Some more tips from someone who does this every day. 1) Be careful with CSV file...

collyw · on Aug 28, 2014

Actually I would say Perl is more appropriate. I went back to Perl after 4 years for this sort of task, as it has so many features built into the syntax. Plus it can be run as a one liner.

etrain · on Aug 29, 2014

I'm reminded of the old joke, "python is executable pseudocode, while perl is executable line noise."

But seriously, I've got some battle scars from the perl days, and hope not to revisit them. Honestly, there's very little I find I can do with perl and not python, and it's just as easy to express (if not quite as concise) and much simpler to maintain.
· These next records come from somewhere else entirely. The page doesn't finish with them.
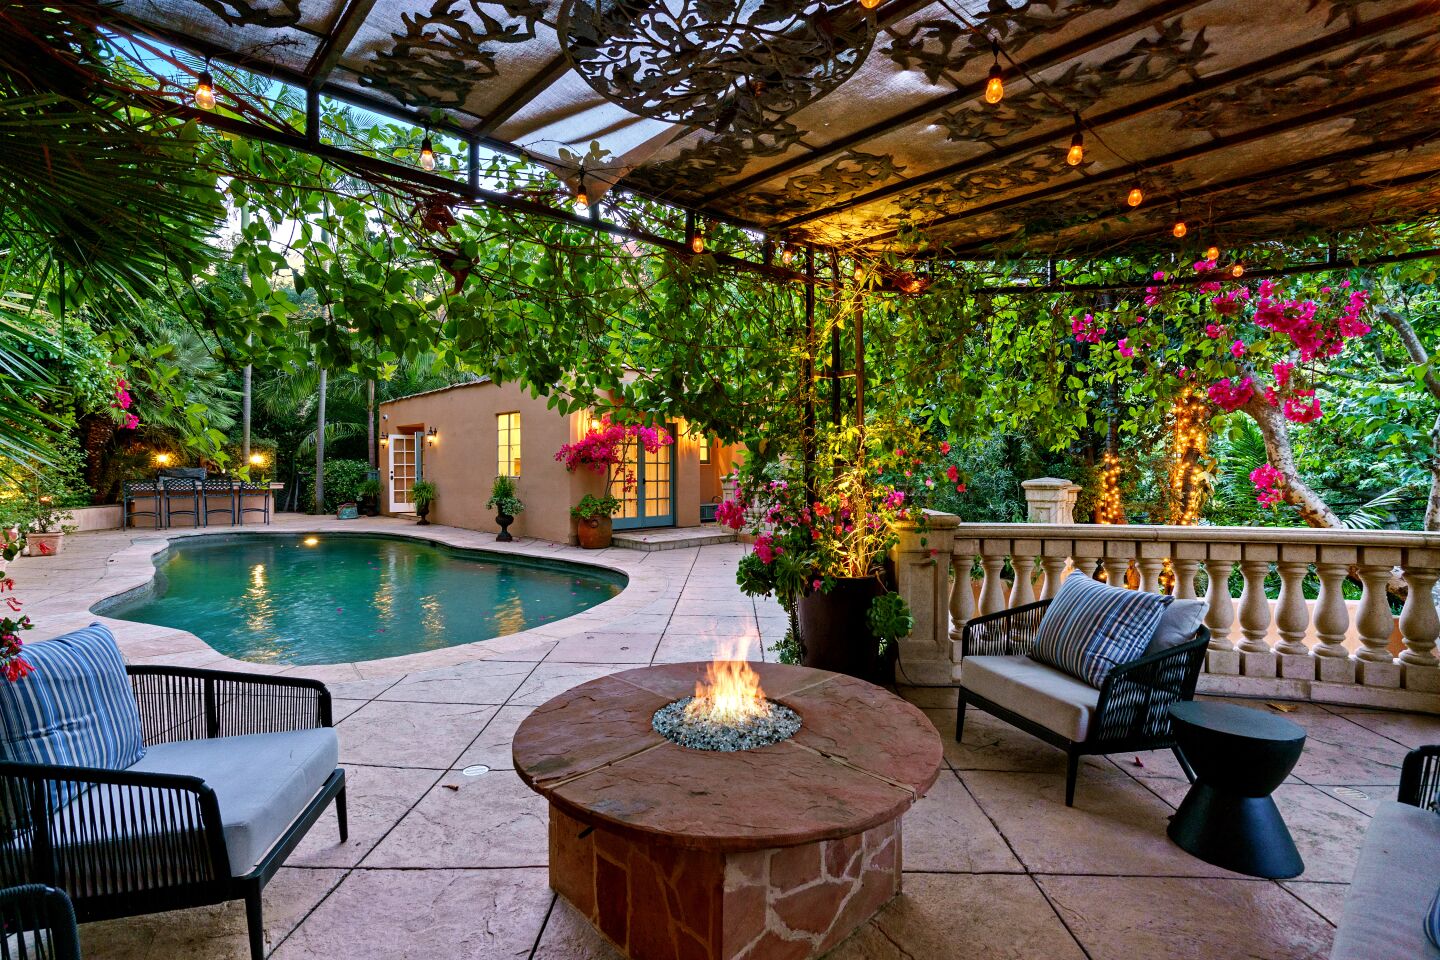 Courtyards, patios and a swimming pool with a separate pool house fill out the grounds.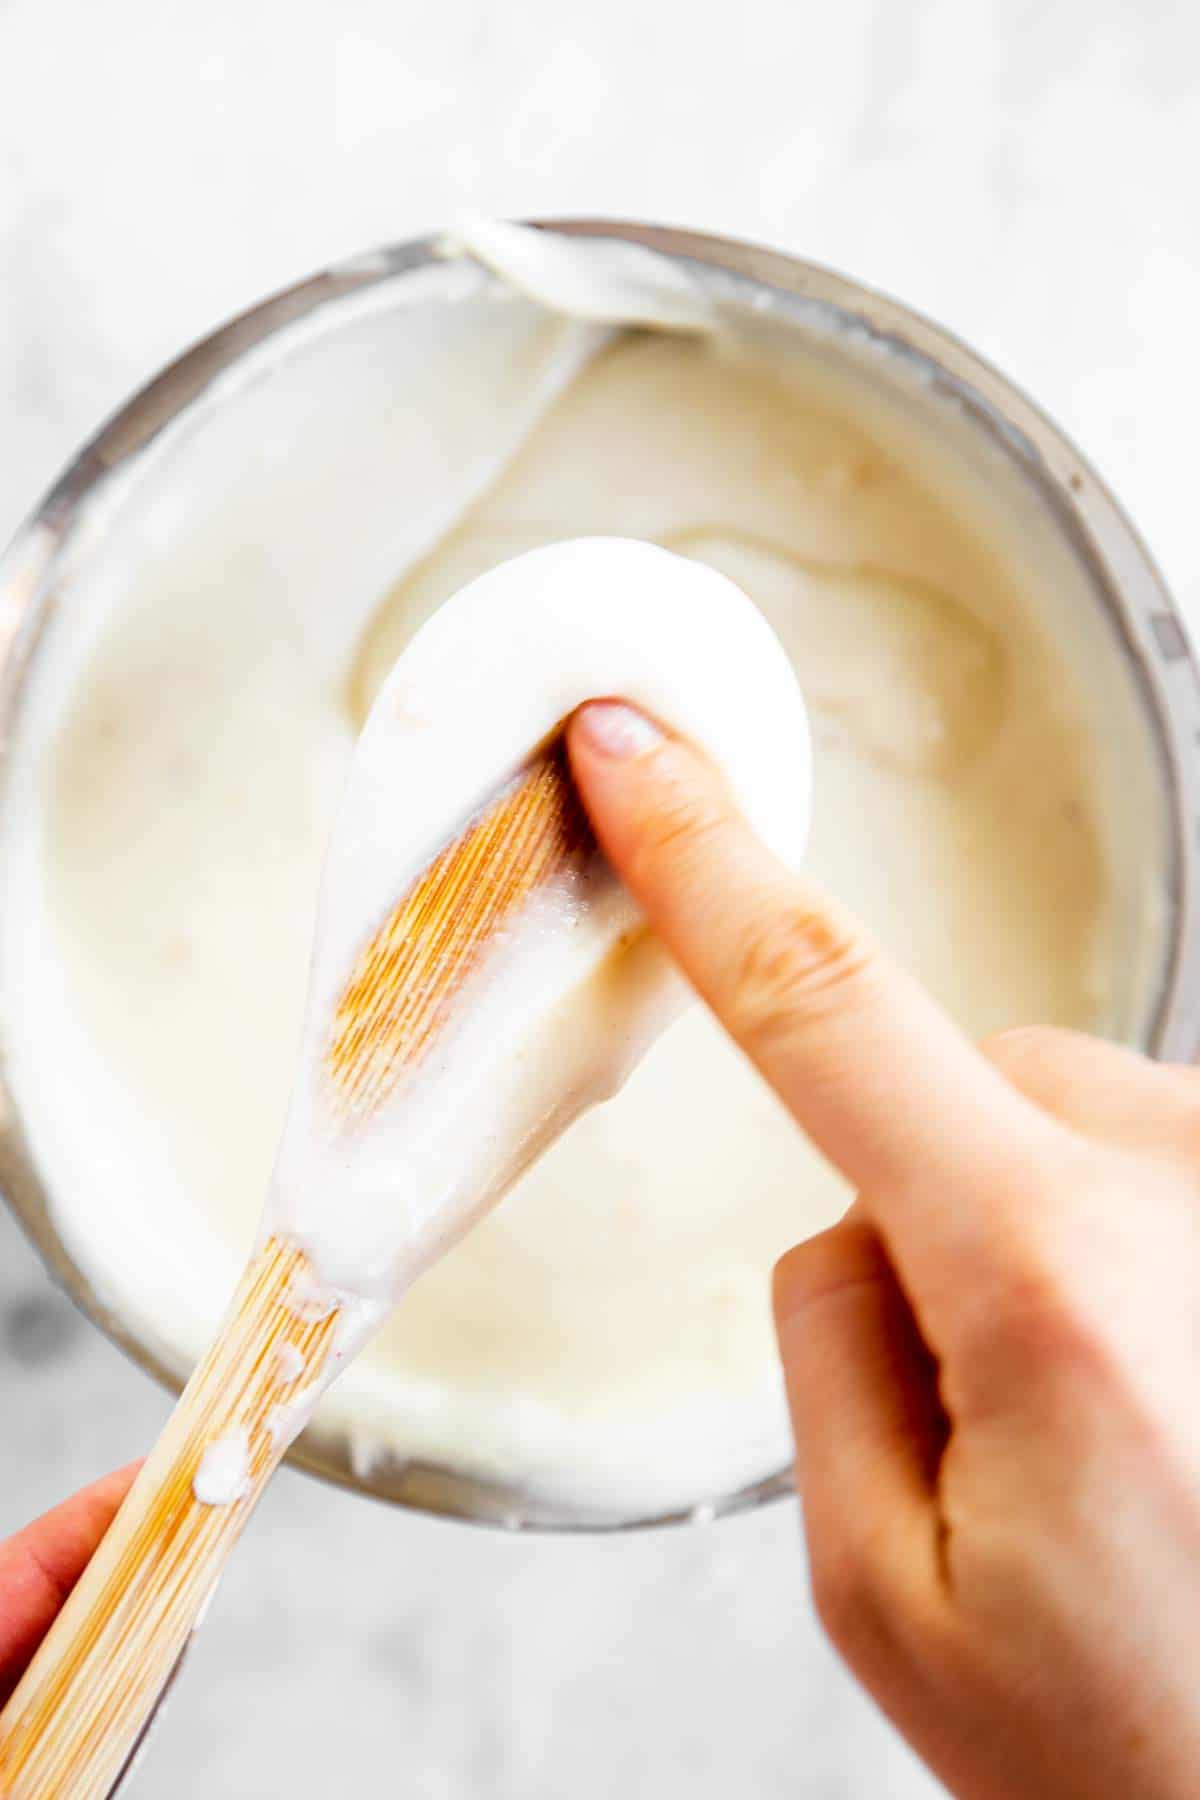 female hand stroking through Béchamel sauce coating back of a wooden spoon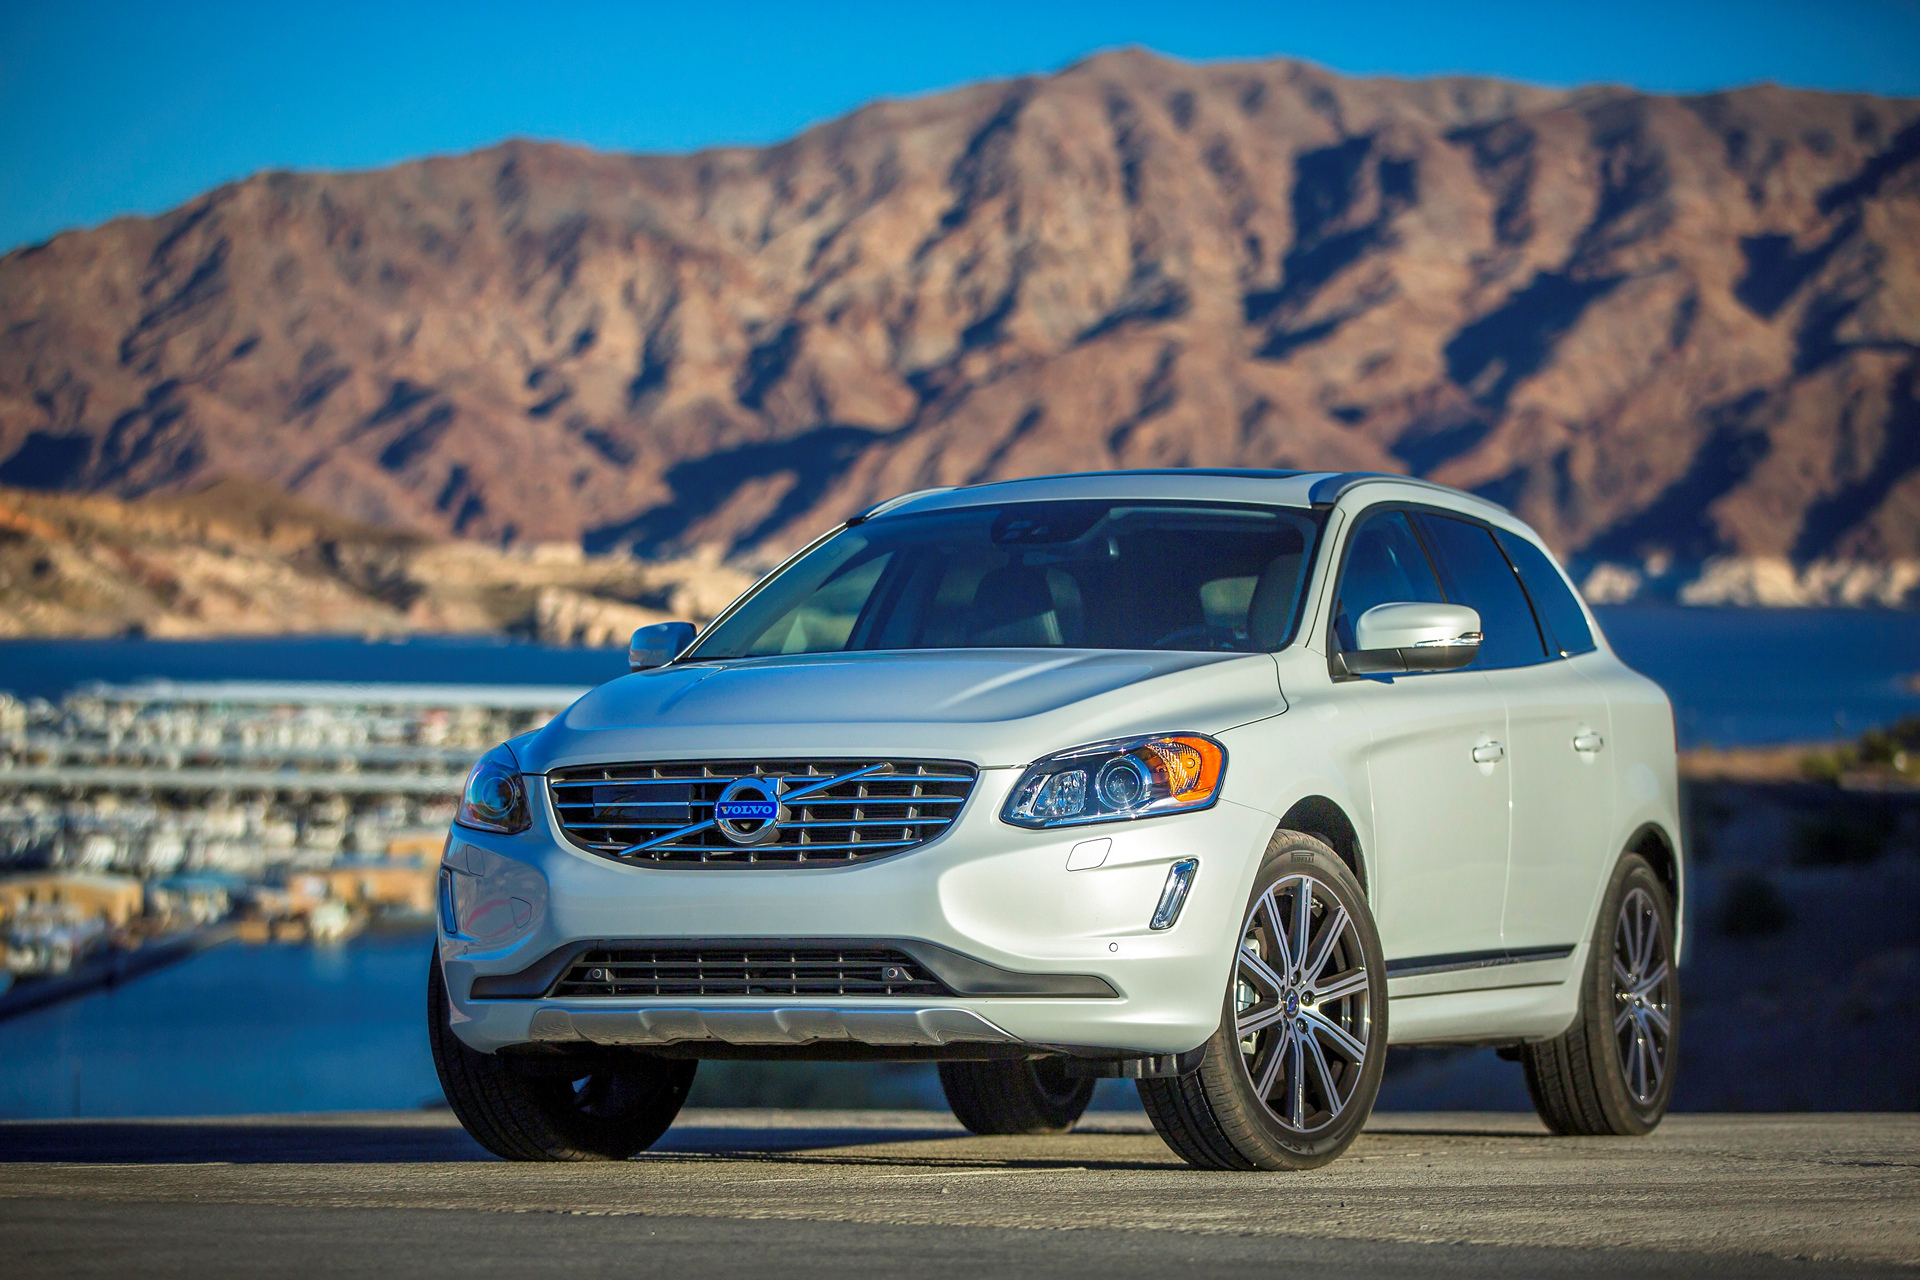 2016 Volvo XC60 © Zhejiang Geely Holding Group Co., Ltd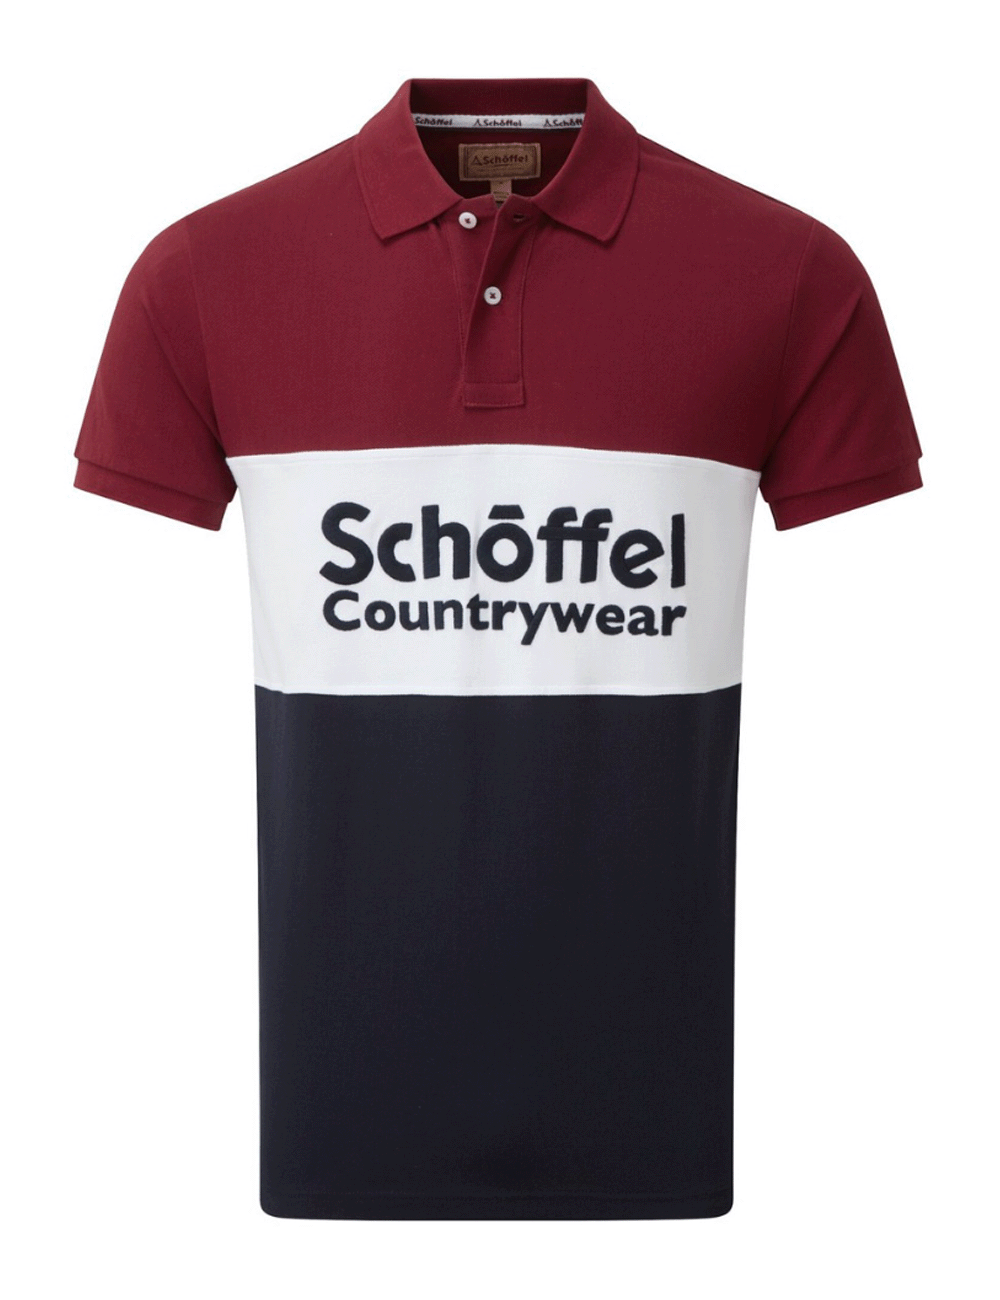 Schoffel's Exeter Heritage Polo Shirt in Bordeaux on a white background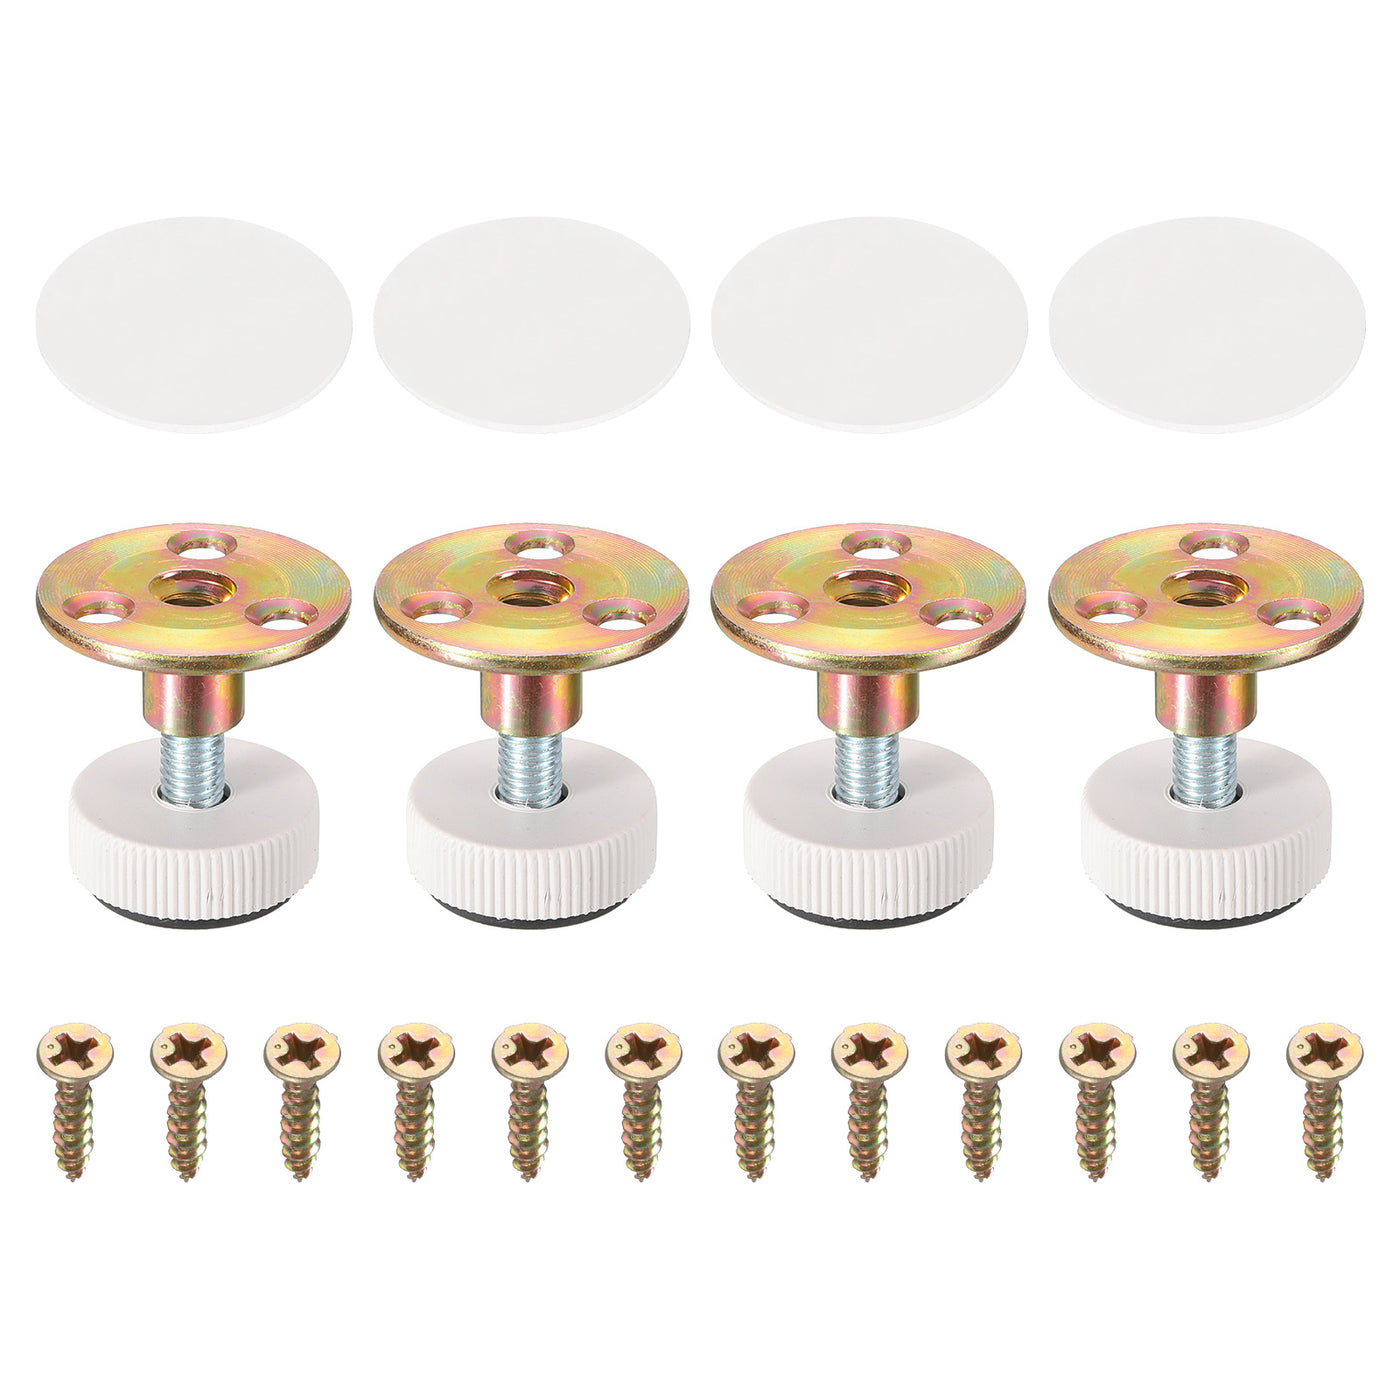 uxcell Uxcell Thread Furniture Leveling Feet, 4Pcs - Adjustable Furniture Feet Levelers, Self-adhesive Threaded Screw-in Raised Base for Tables Sofas (30 x 12 MM)

But, use the tool that works for you!

collyw · on Aug 29, 2014

I use Python and Django most of the time, and its true, you can do pretty much the same thing in each language. But for quick hacky stuff manipulating the filesystem a lot, Perl has many more features built into the language. Things like regex syntax, globing directories, back ticks to execute Unix commands, and the fact you can use it directly from the command line as a one liner. You can do all these (except the last one?) in Python, but Perl is quicker.

vram22 · on Aug 30, 2014

>But for quick hacky stuff manipulating the filesystem a lot, Perl has many more features built into the language. Things like regex syntax, globing directories, back ticks to execute Unix commands

All good points.

>you can use it directly from the command line as a one liner. You can do all these (except the last one?) in Python

You can use Python from the command line too, but Perl has more features for doing that, like the -n and -p flags. Then again, Python has the fileinput module. Here's an example:

http://jugad2.blogspot.in/2013/05/convert-multiple-text-file...

ars · on Aug 28, 2014

> you almost invevitably want to run sort before you run uniq

And then you don't actually want uniq anyway since sort has a -u switch that removes duplicate lines.

potatosareok · on Aug 28, 2014

What if you want uniq -c? Any simple way to replicate that functionality better then...sort | uniq -c?

ars · on Aug 28, 2014

Then you run uniq -c (which I do all the time).

But for the examples in the main article sort -u would be fine.